**YOUR GOAL:**
Leave out the pictures and give back all the entries exactly as written.

** Opening SOURCE RECORDS block **

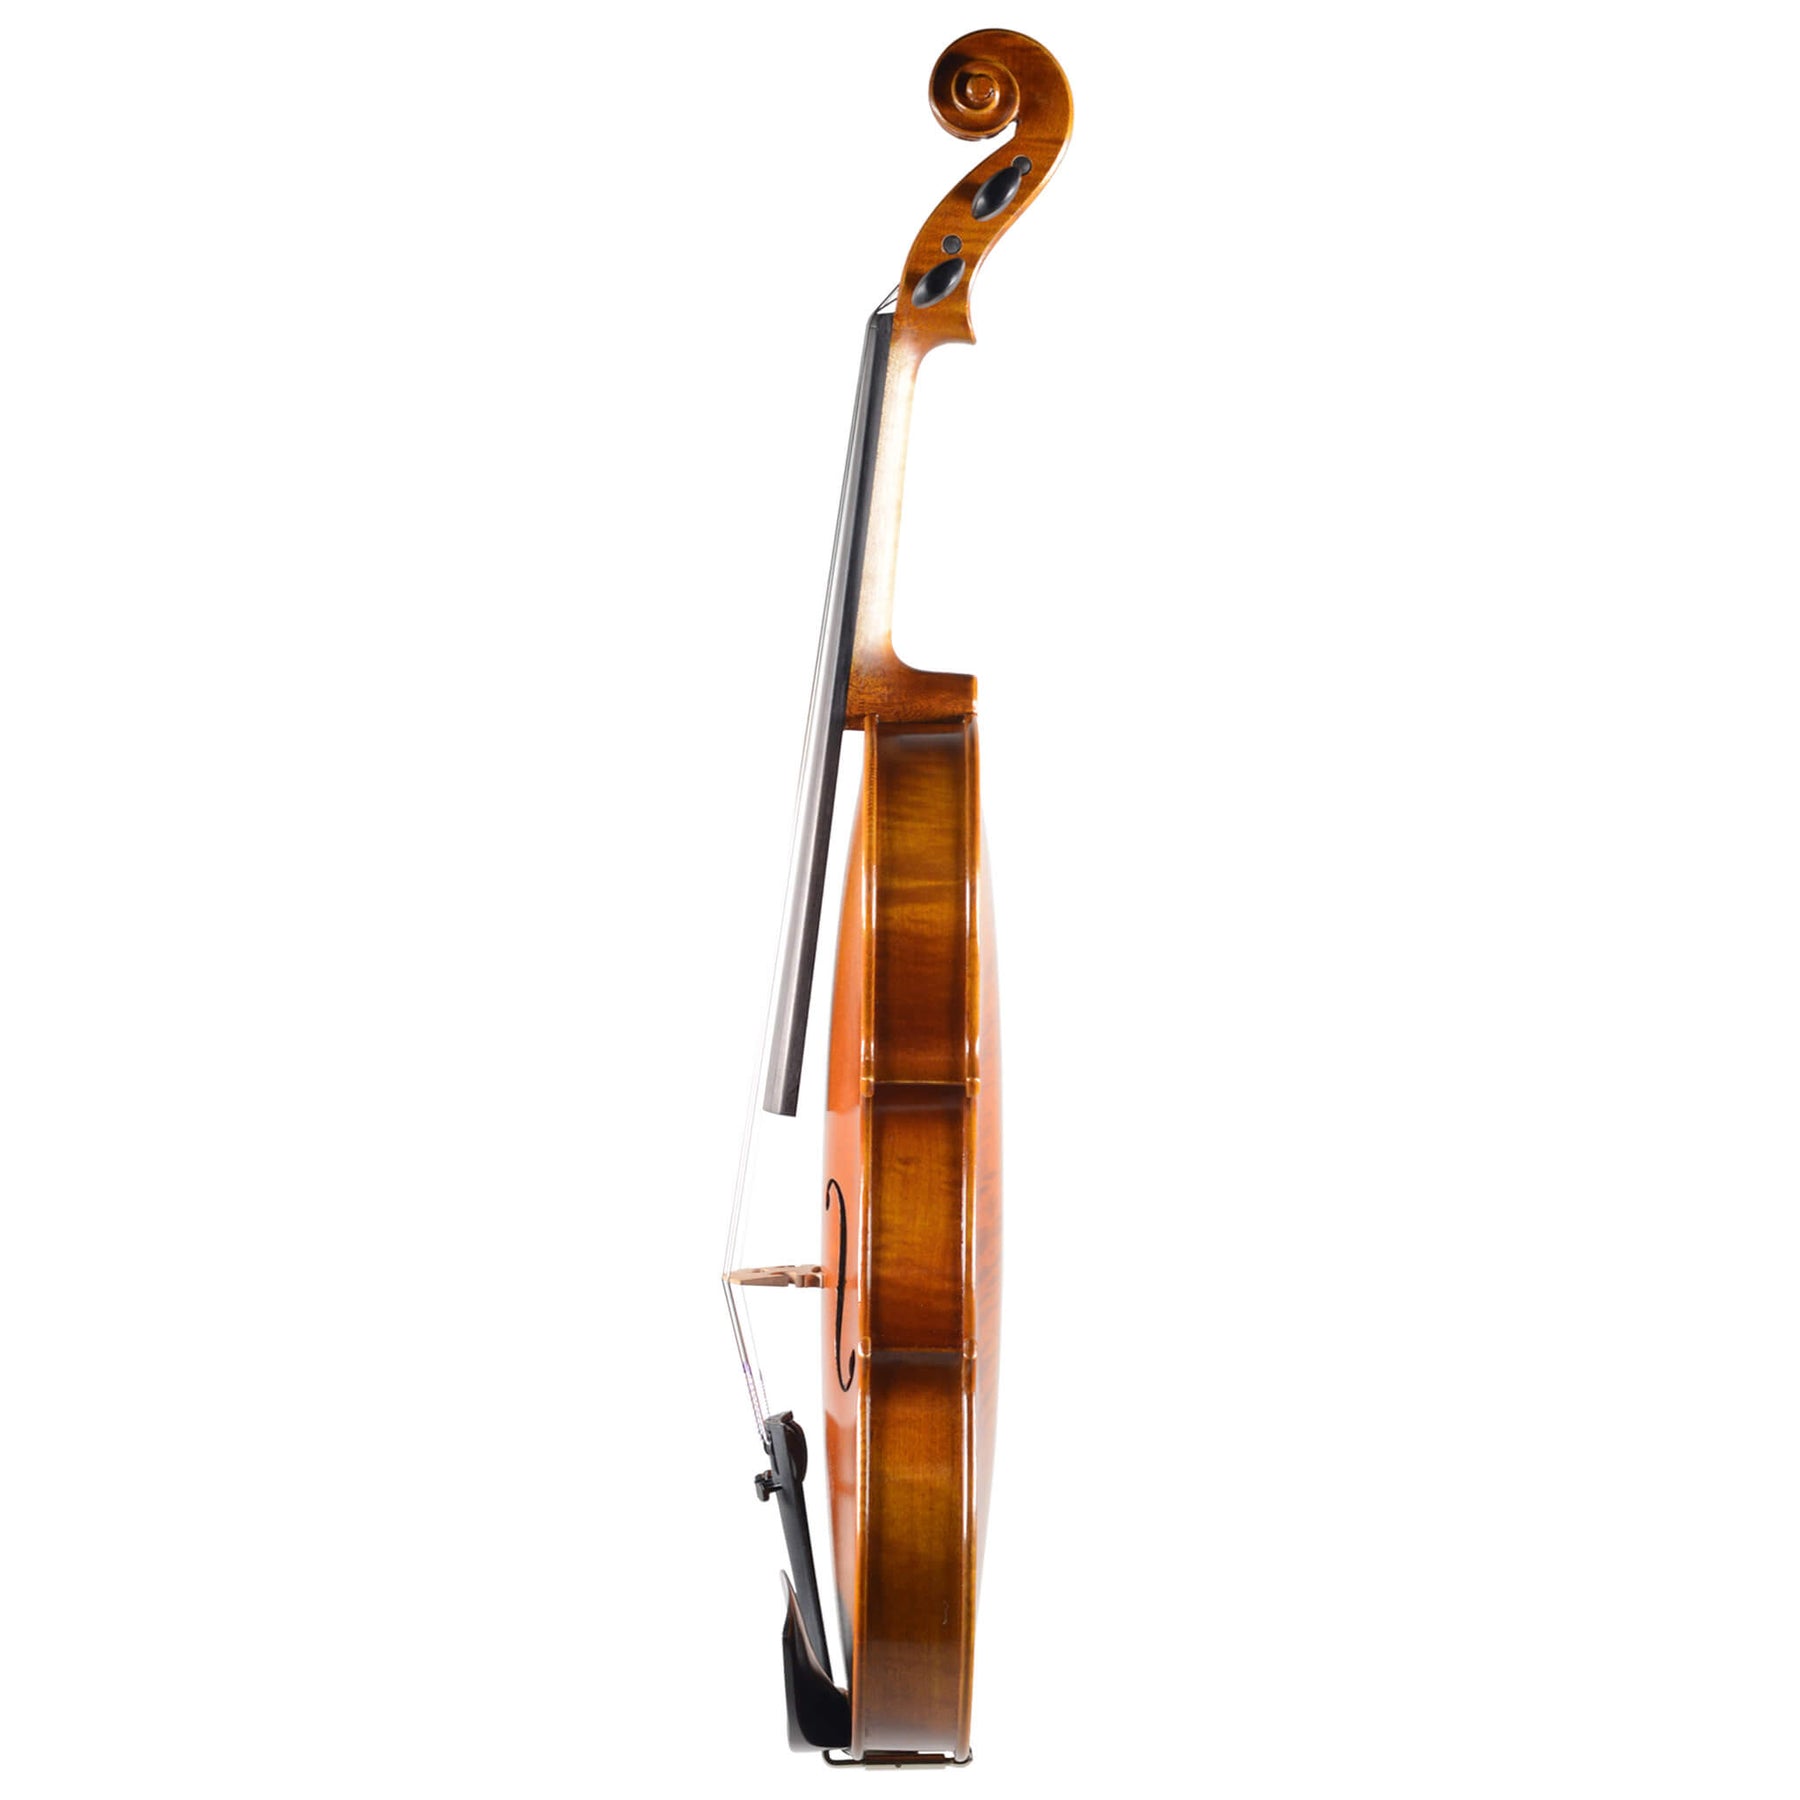 B-Stock Fiddlerman Left Handed Concert Violin Outfit
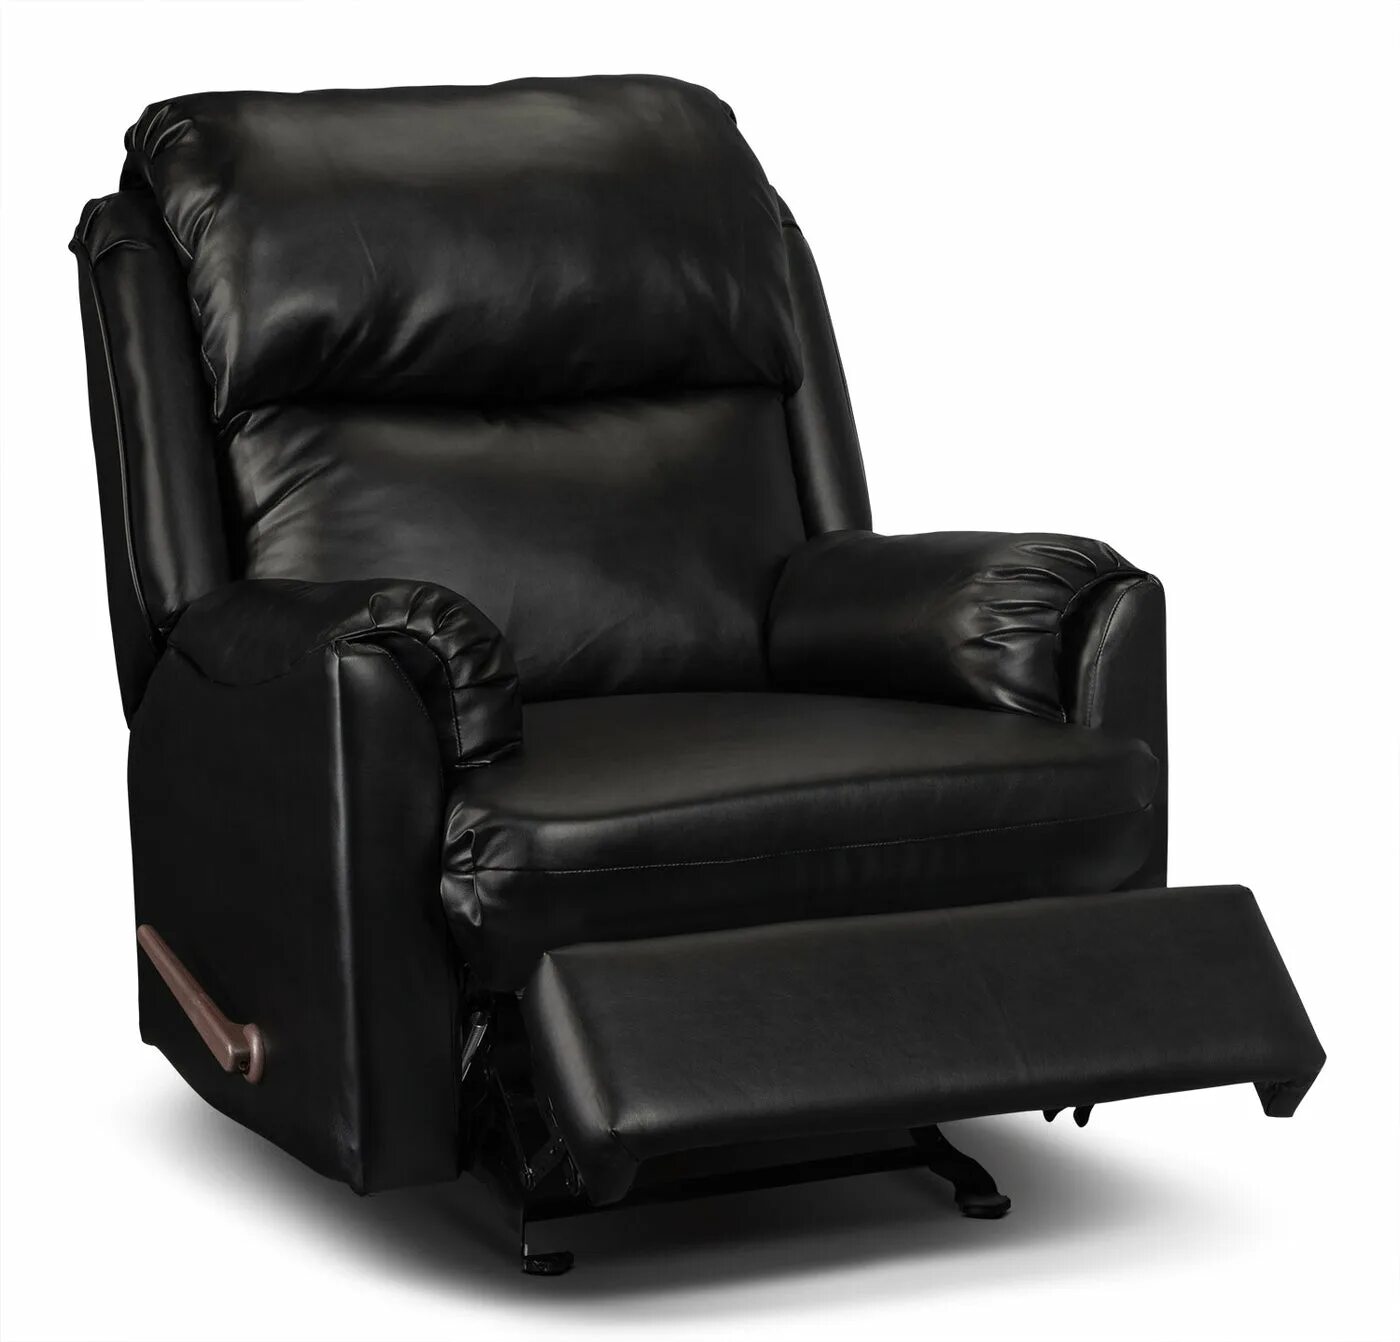 Высокое кожаное кресло. Black Faux Leather Recliner Chair. Кресло кожаное Furniture 9589 Black. Кресло реклайнер Пегас Блэк. Кресло кожа черн.Orion Steel.
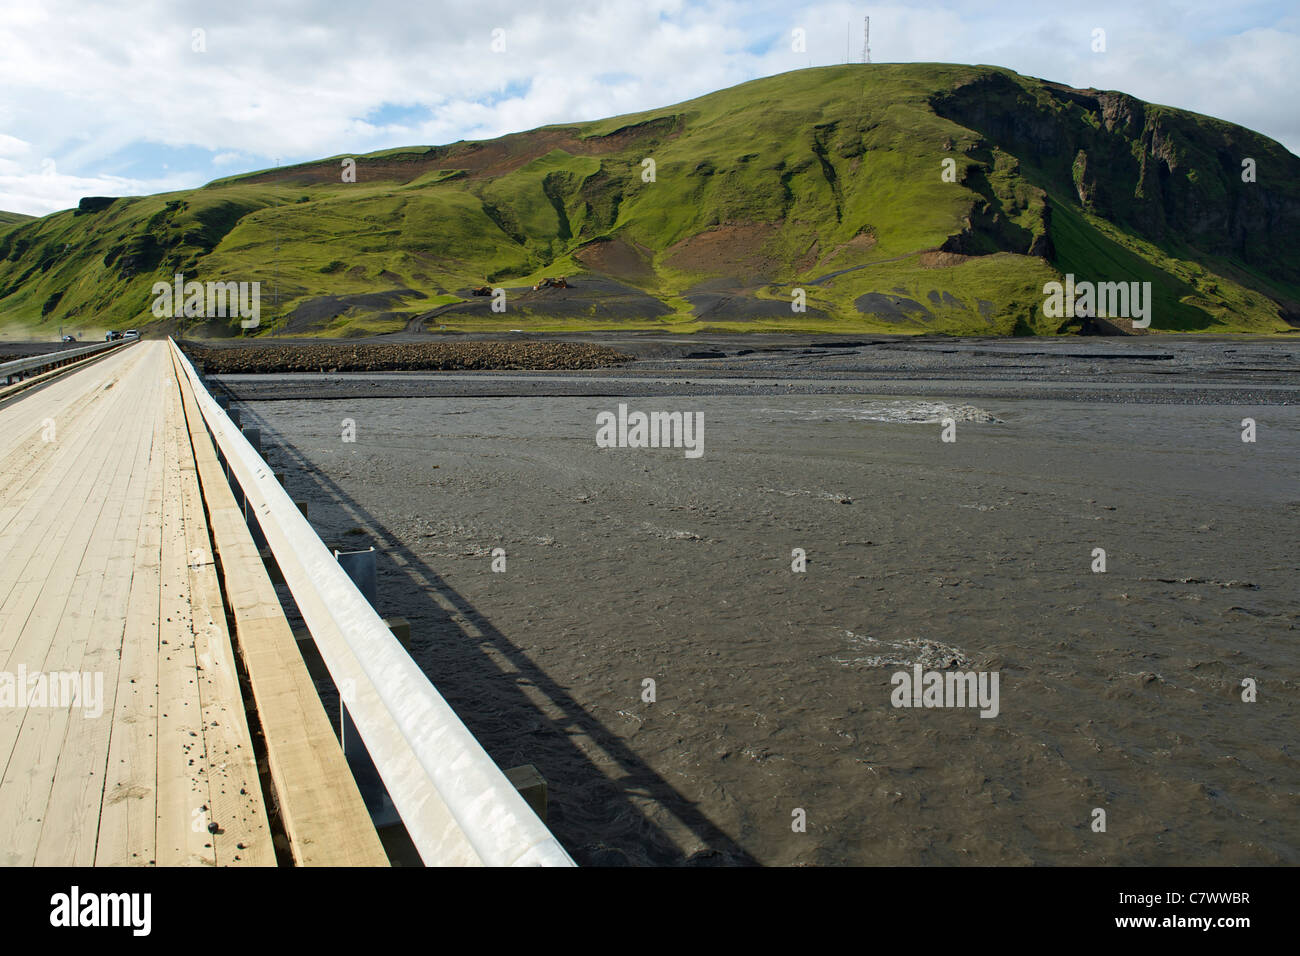 Ponte sul Skeidararsandur, un massiccio glaciale di pianura alluvionale del ghiacciaio Vatnajokull nel sud-est dell'Islanda. Foto Stock
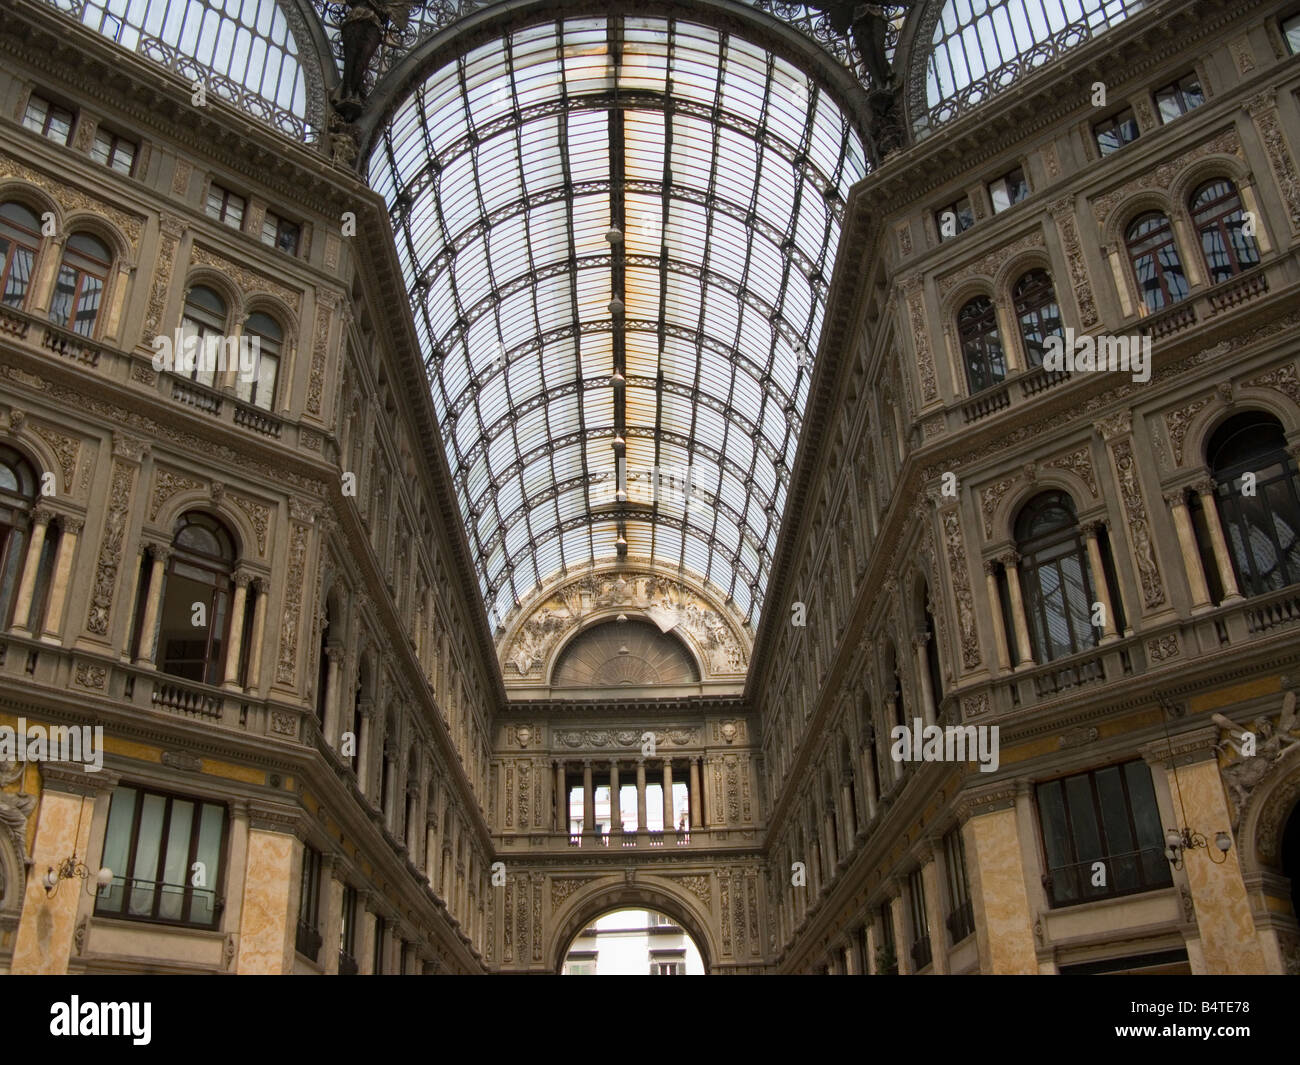 Le toit en verre de la Galleria Umberto 1 à Naples Italie Banque D'Images
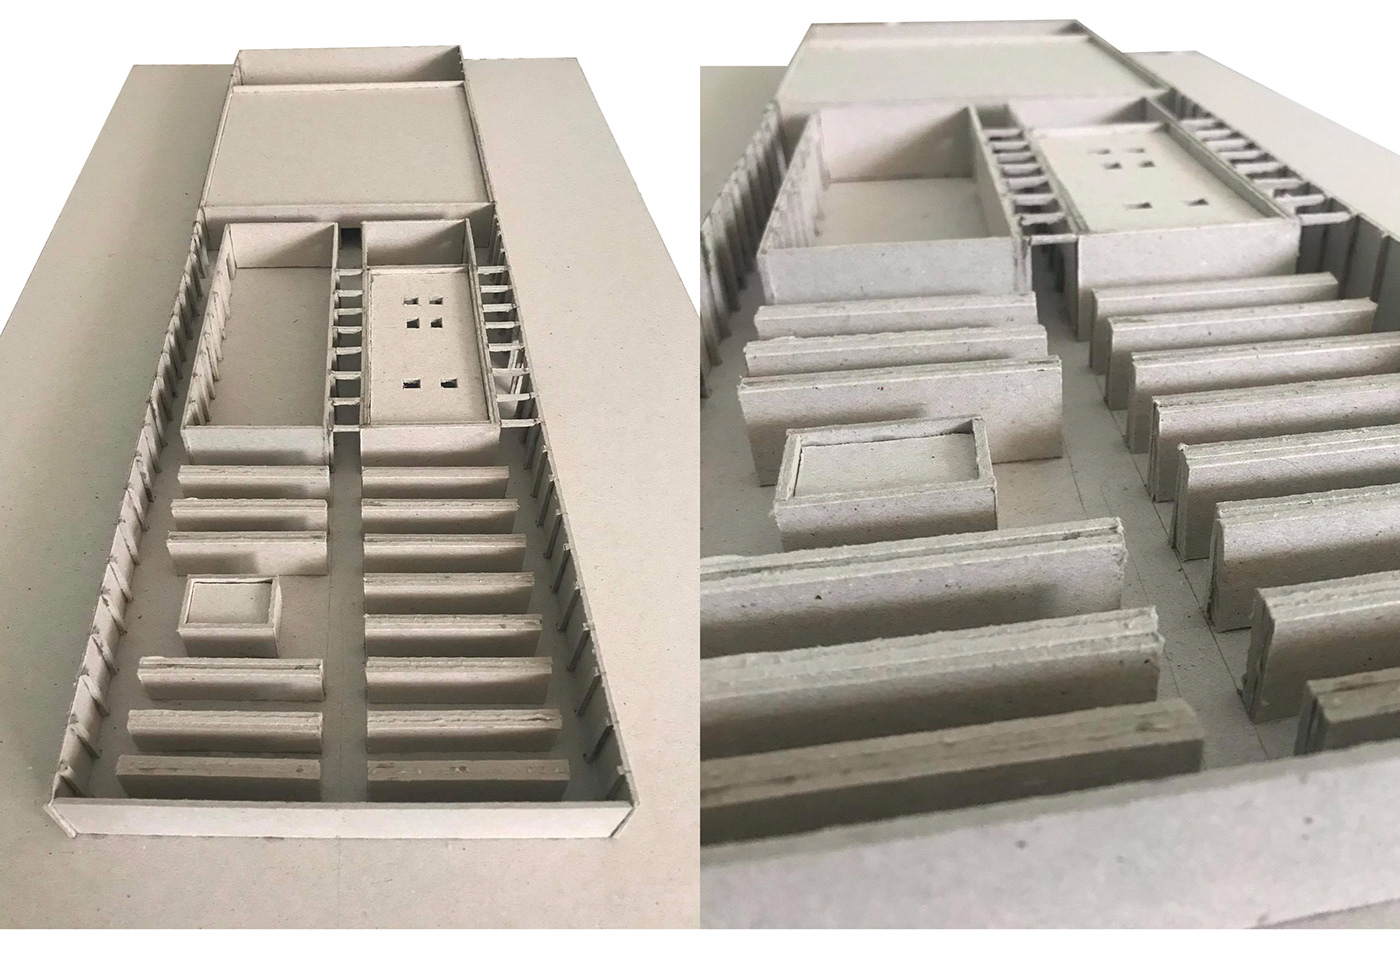 AutoCAD brick architecture  crematorium scale model

** Closing SOURCE RECORDS block **

**WRITTEN ANSWER:**
 B-Stock Fiddlerman Left Handed Concert Violin Outfit
 Высокое кожаное кресло. Black Faux Leather Recliner Chair. Кресло кожаное Furniture 9589 Black. Кресло реклайнер Пегас Блэк. Кресло кожа черн.Orion Steel.
 Ponte sul Skeidararsandur, un massiccio glaciale di pianura alluvionale del ghiacciaio Vatnajokull nel sud-est dell'Islanda. Foto Stock
 Le toit en verre de la Galleria Umberto 1 à Naples Italie Banque D'Images
 AutoCAD brick architecture  crematorium scale model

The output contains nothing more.